The comments came as Warsh, who took over as Fed chair last month, initiated a broad review of how the central bank makes decisions and communicates with the public. In his first policy meeting as chair, Warsh secured a unanimous consensus for a simplified policy statement that removed any explicit forward guidance about near-term policy actions.
Gourinchas’ remarks are the first substantive commentary from a senior IMF official on the Fed’s new communication stance. They follow longstanding IMF recommendations that central banks be transparent about their policy intentions to help anchor inflation expectations. He noted the IMF had observed other central banks moving toward similar approaches, even as many remain within inflation-targeting frameworks designed to manage inflation one to two years into the future.

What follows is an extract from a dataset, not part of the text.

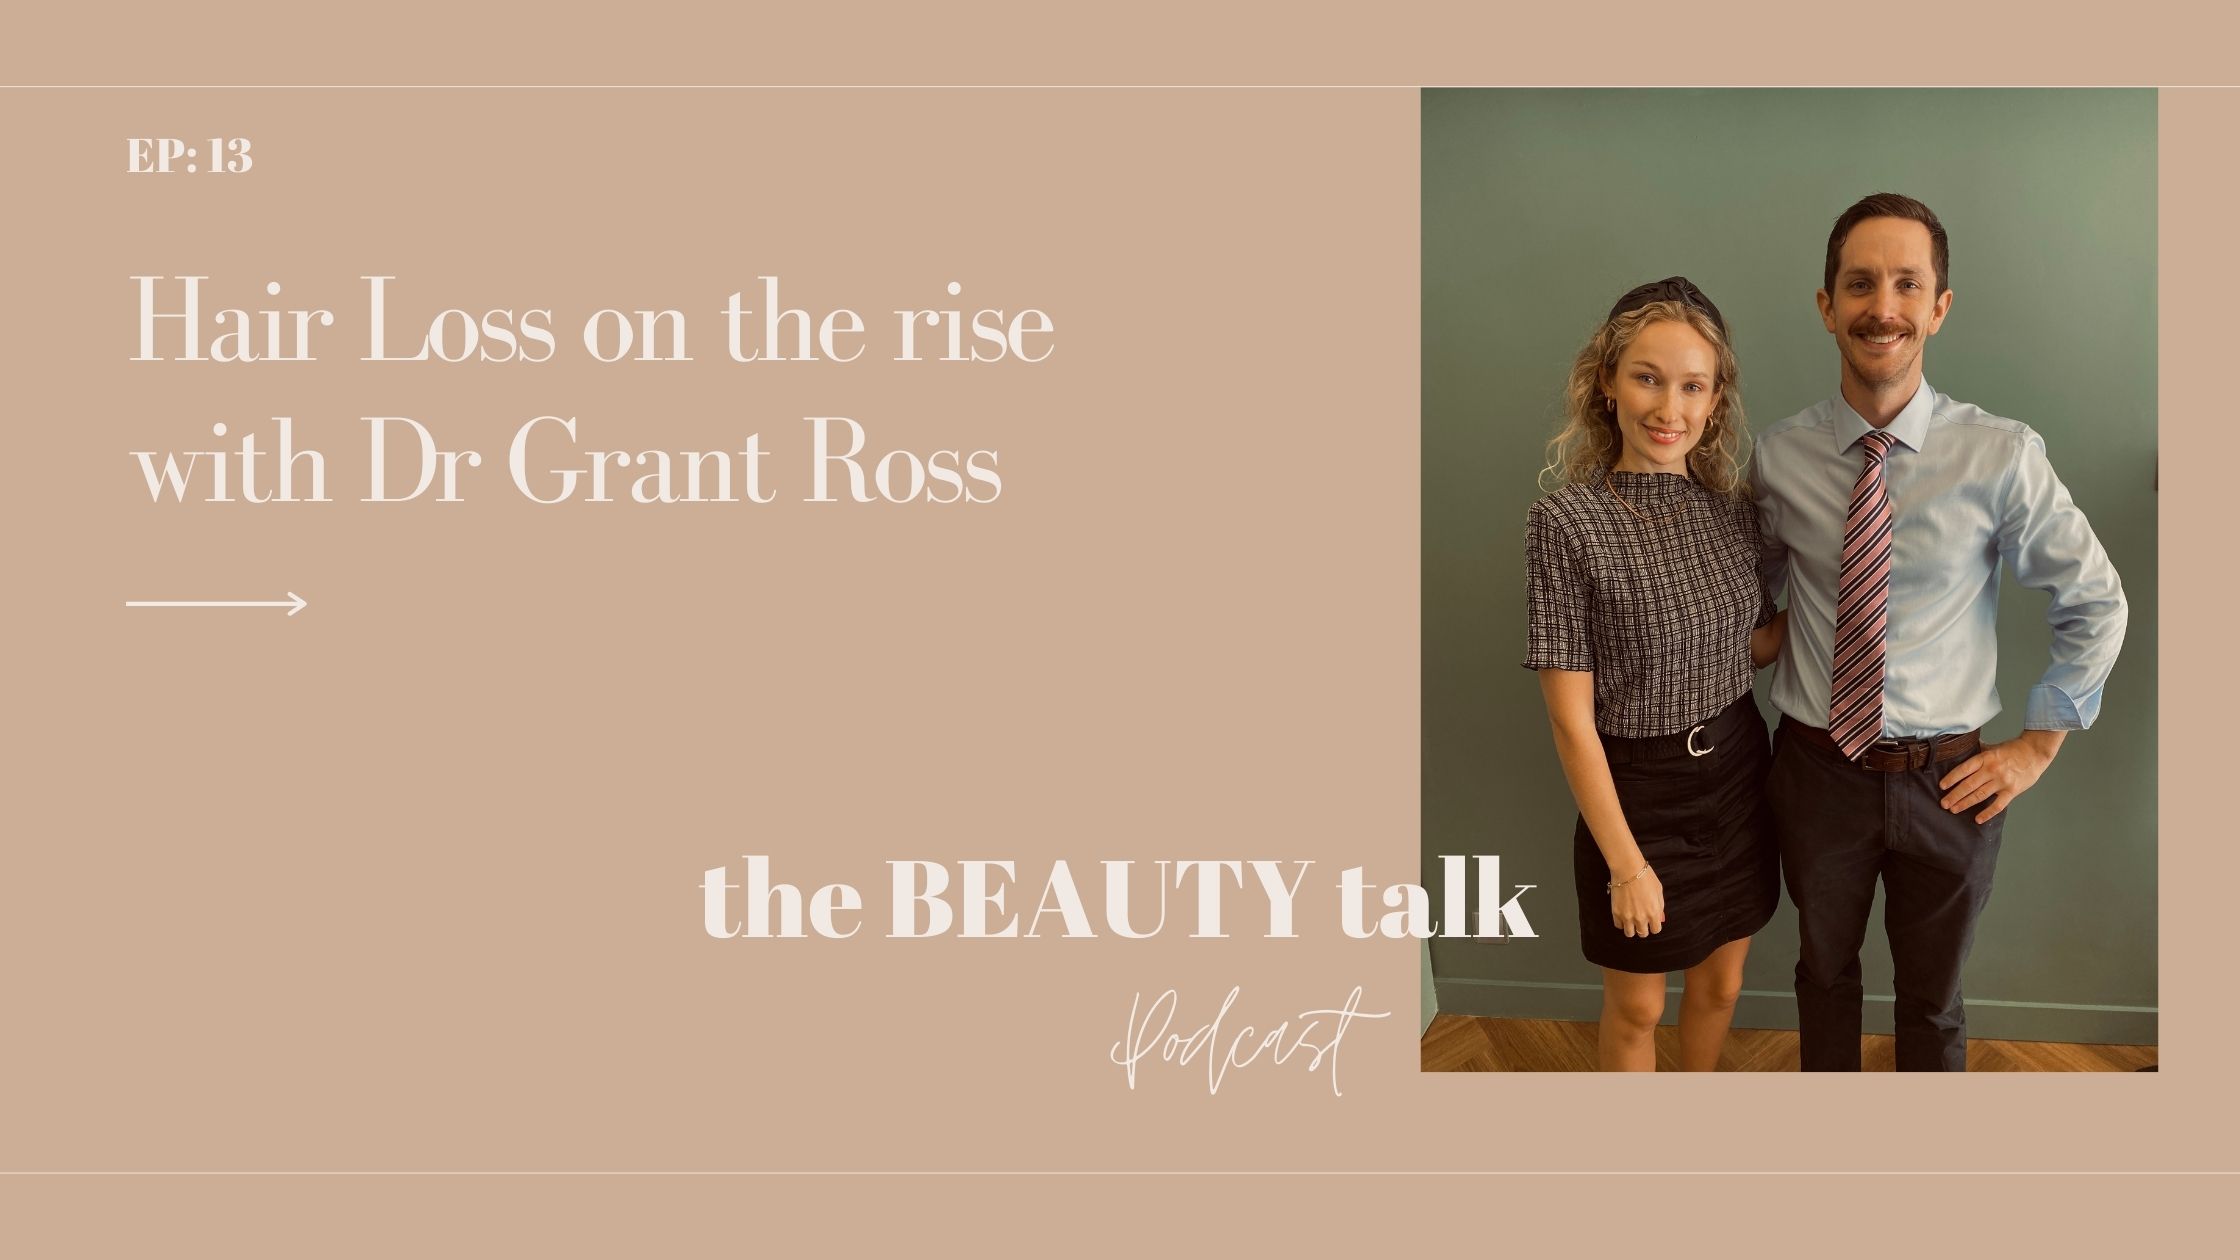 Hair Loss on the rise with Dr Grant Ross

Gourinchas stressed the practical limits of eliminating guidance entirely. Markets, businesses and banks continuously seek signals to set long-term borrowing costs, make investment decisions and price mortgages. That demand for information extends beyond the Federal Open Market Committee’s periodic rate decisions. "You need to provide some amount of guidance, so that the market will form some views about what the long-term rates are going to be, and that actually is what’s going to have an influence on the conditions," he said.
Even when central bankers refrain from explicit projections, Gourinchas argued they will act to correct market expectations that drift too far from their intended stance. "If that view somehow is not the one that you want to communicate, central banks will communicate differently, and they will try to guide where they want it to be," he said.
His comments underline a balancing act for policymakers: reducing commitment to fixed future actions in order to preserve flexibility, while still supplying enough information for markets to form sensible expectations about long-term rates. That balance, Gourinchas suggested, is central to how policy influences financial conditions without creating unwanted constraints on future responses.